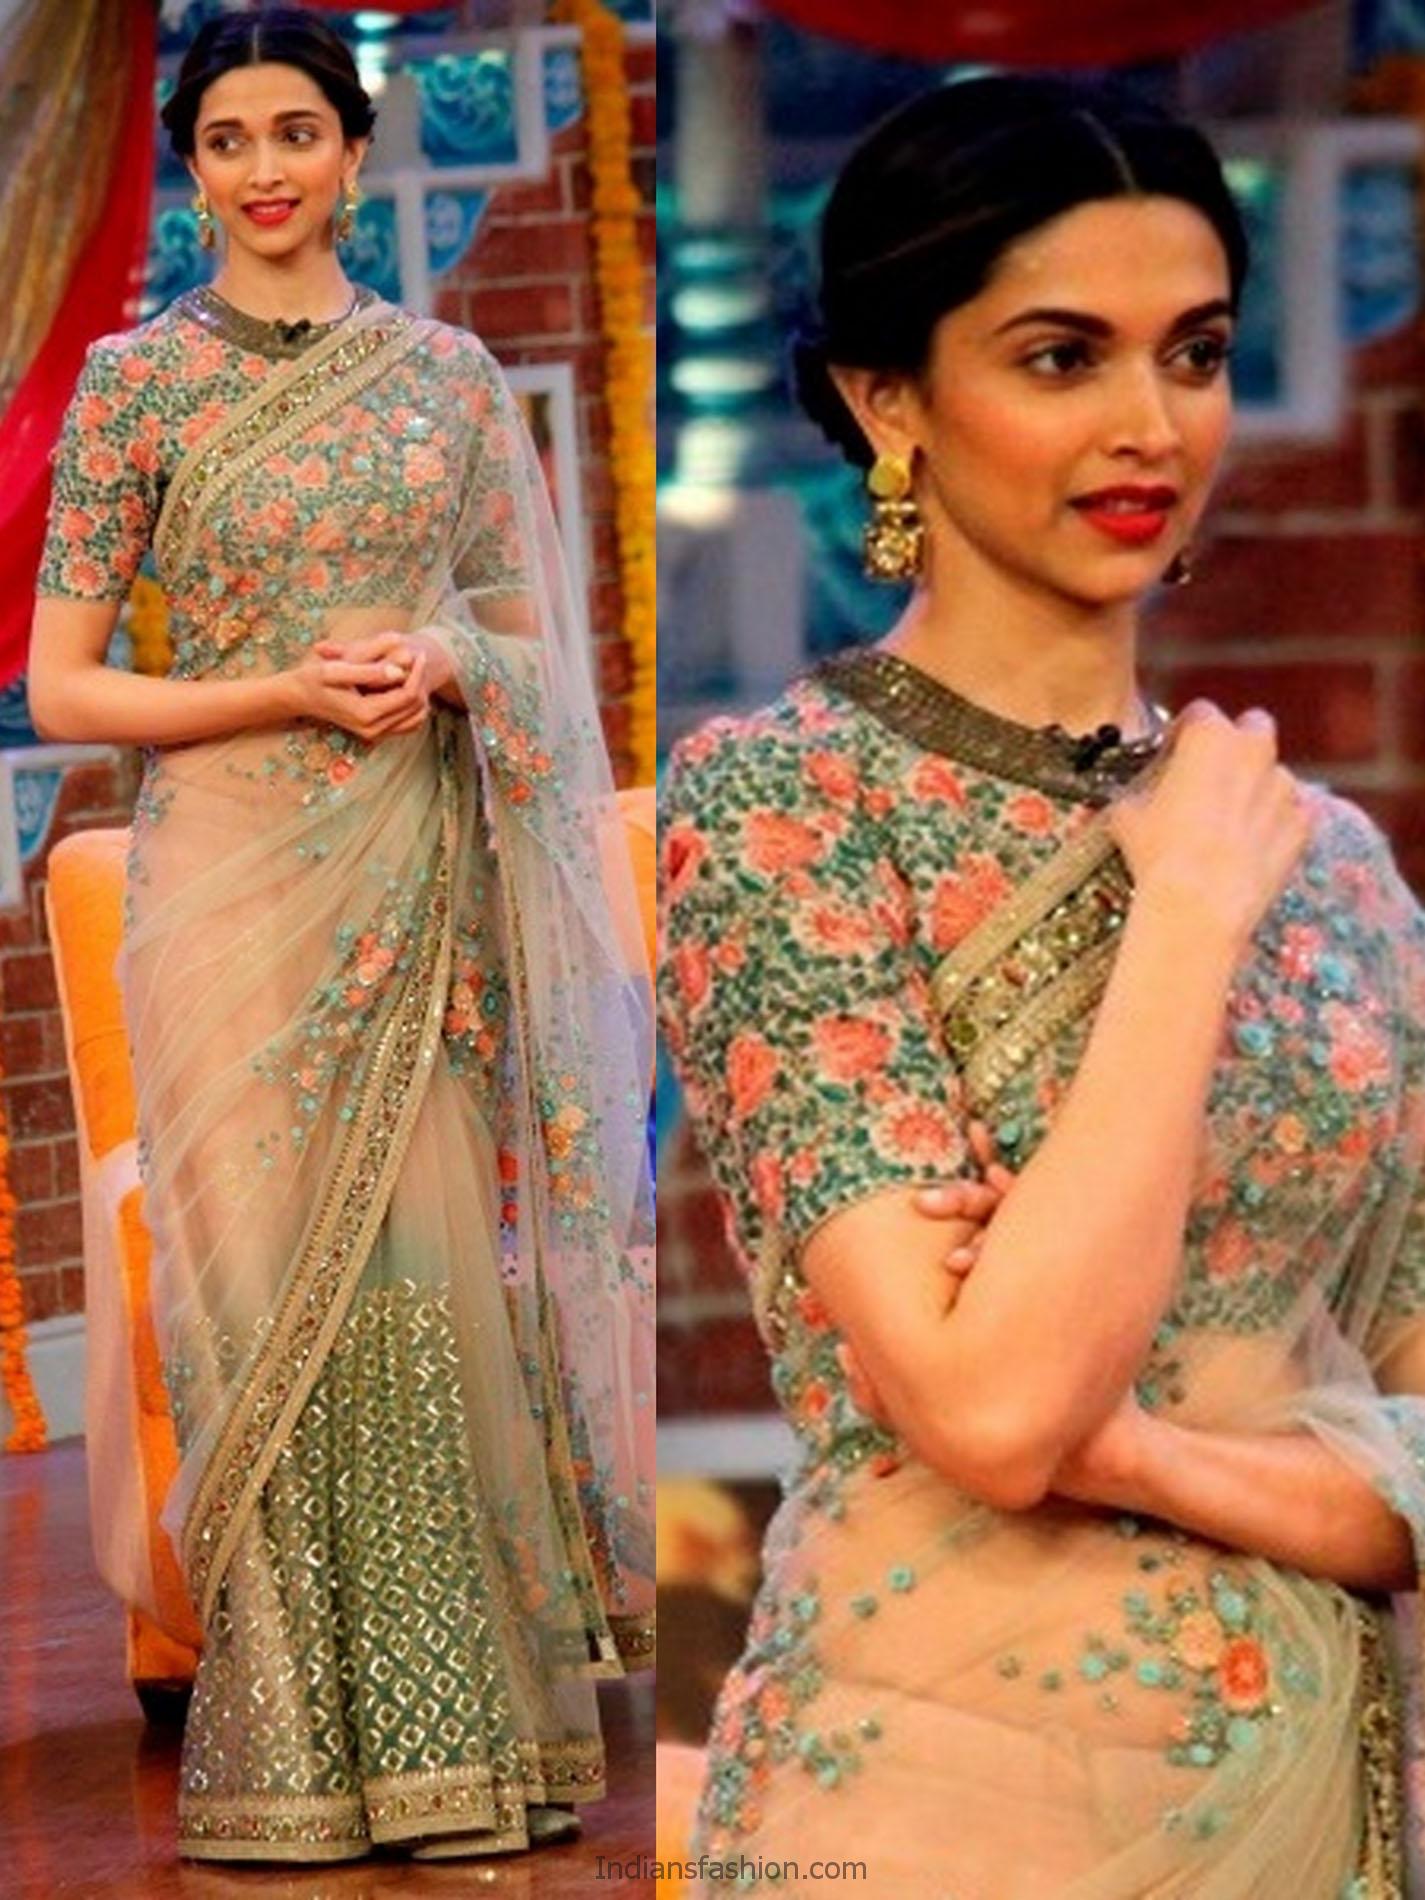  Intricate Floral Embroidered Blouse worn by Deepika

==

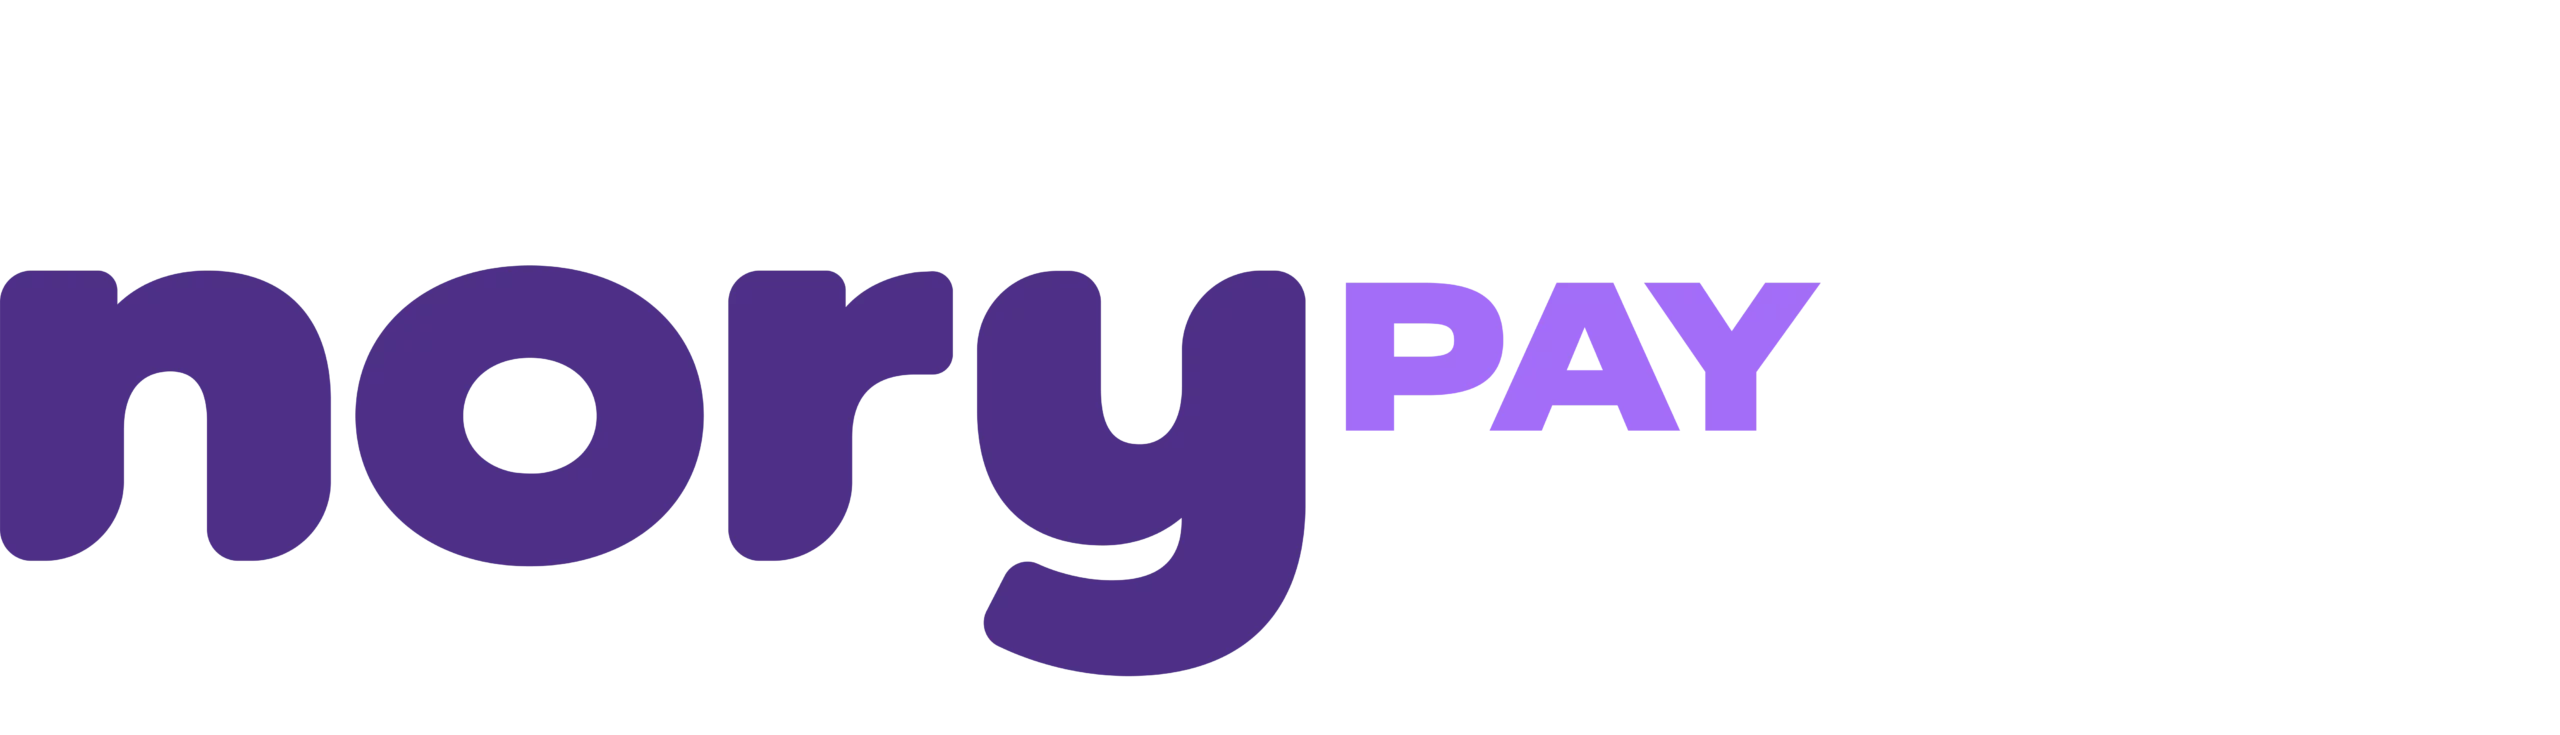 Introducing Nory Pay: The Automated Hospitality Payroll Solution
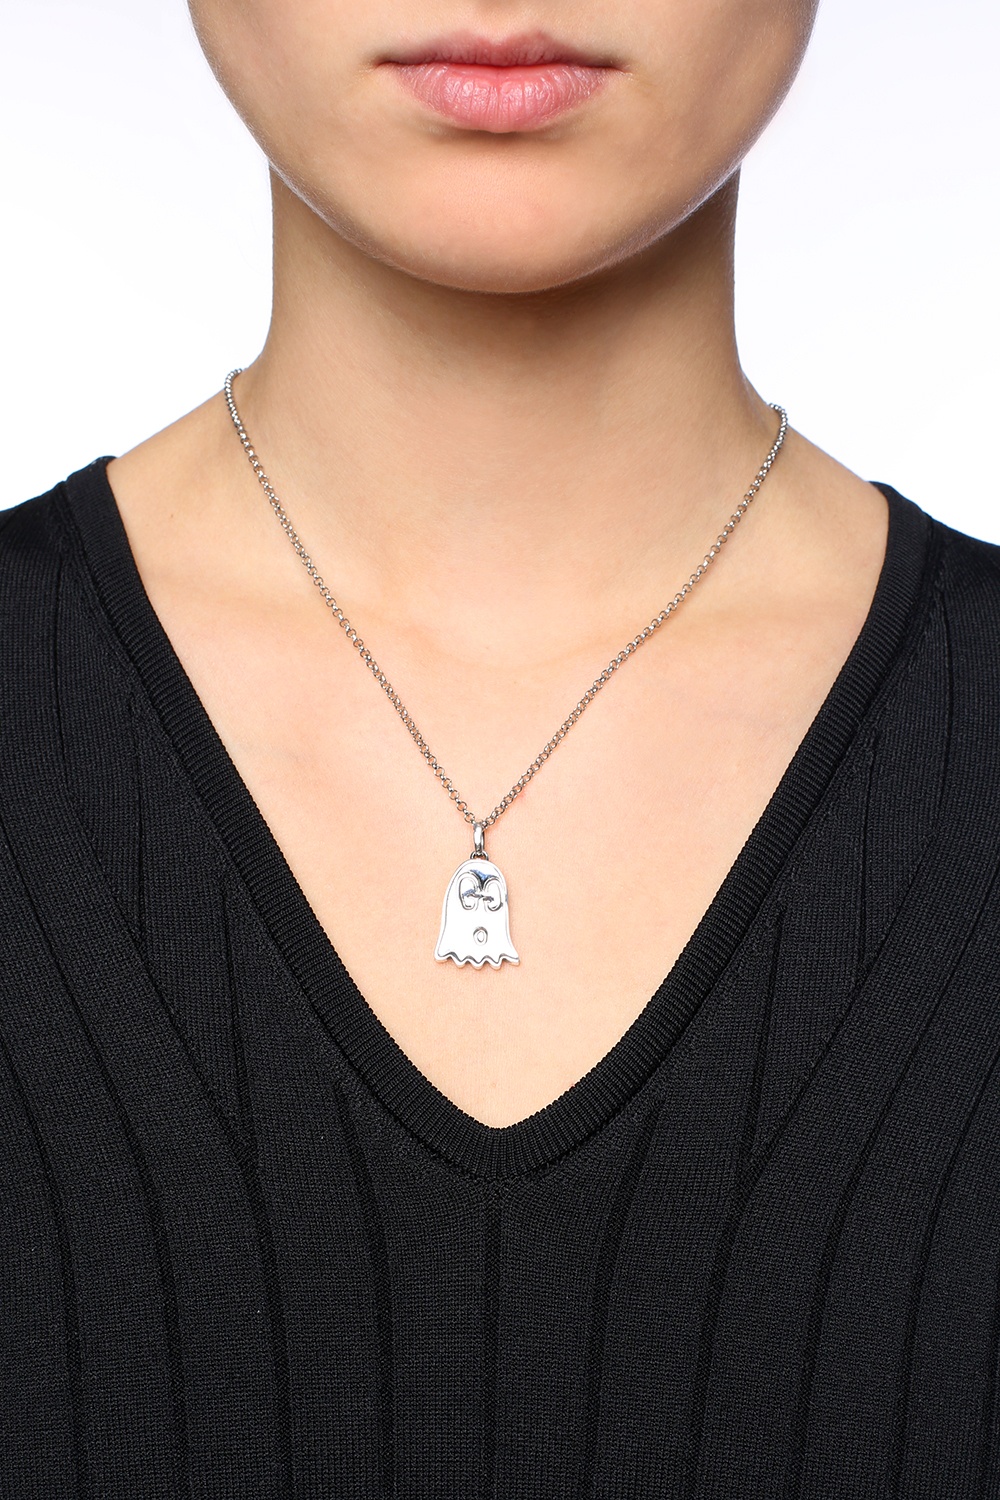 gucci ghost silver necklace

---

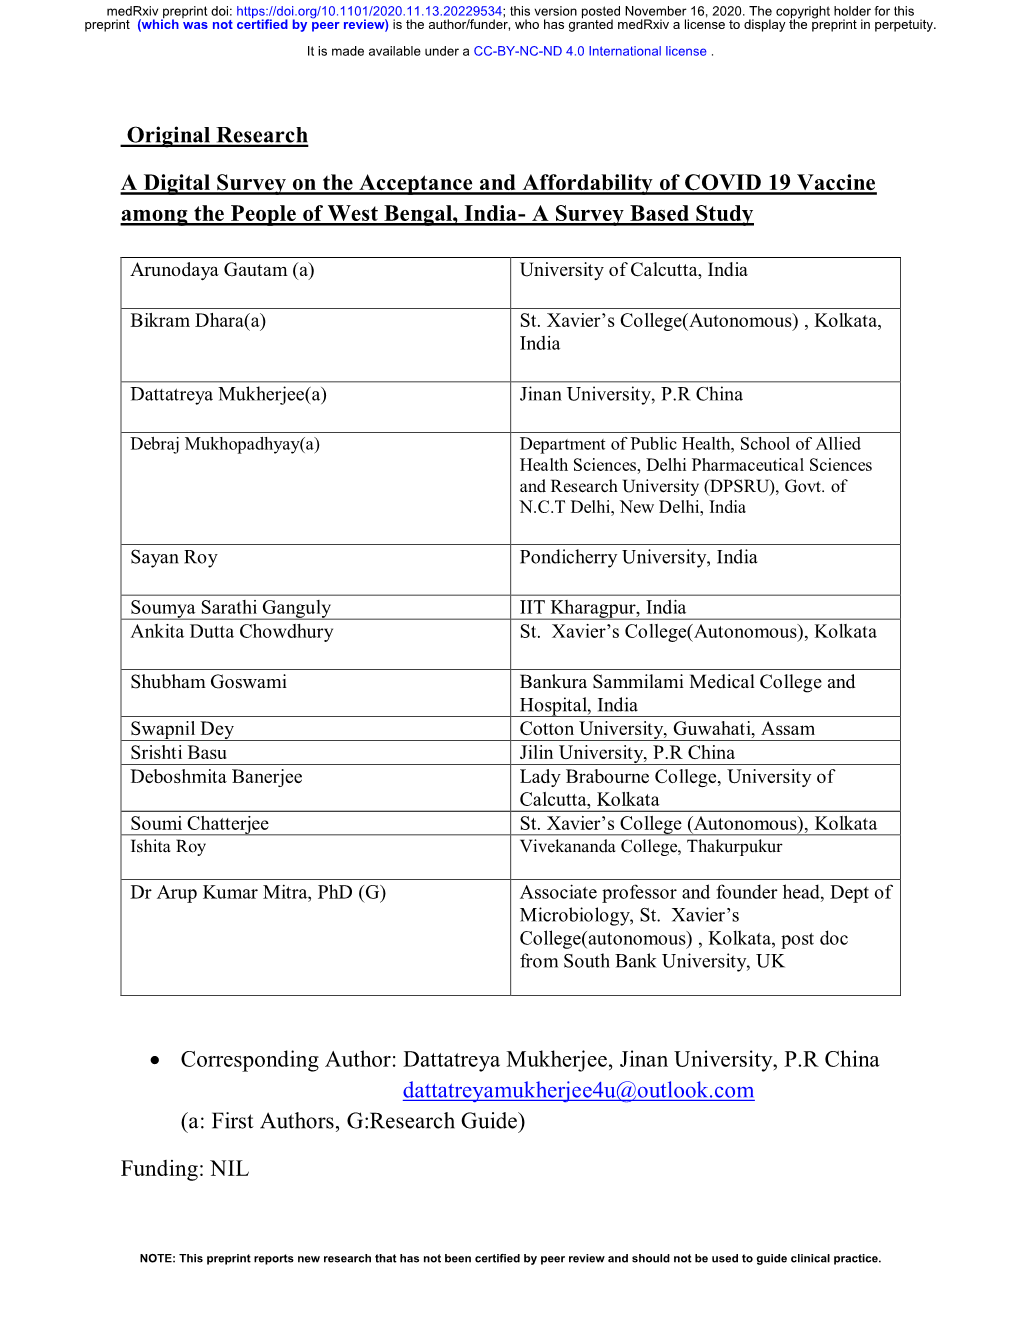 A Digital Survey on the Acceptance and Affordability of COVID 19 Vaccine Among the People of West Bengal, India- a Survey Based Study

DIRECTIONS FOR THIS TASK — Using the entries above, repeat exactly the lines from the one with "Introducing Nory Pay: The" to the one with "gucci ghost silver necklace", both included, and leave the pictures behind.

RESULT OF THE EXERCISE —
 Introducing Nory Pay: The Automated Hospitality Payroll Solution
 gucci ghost silver necklace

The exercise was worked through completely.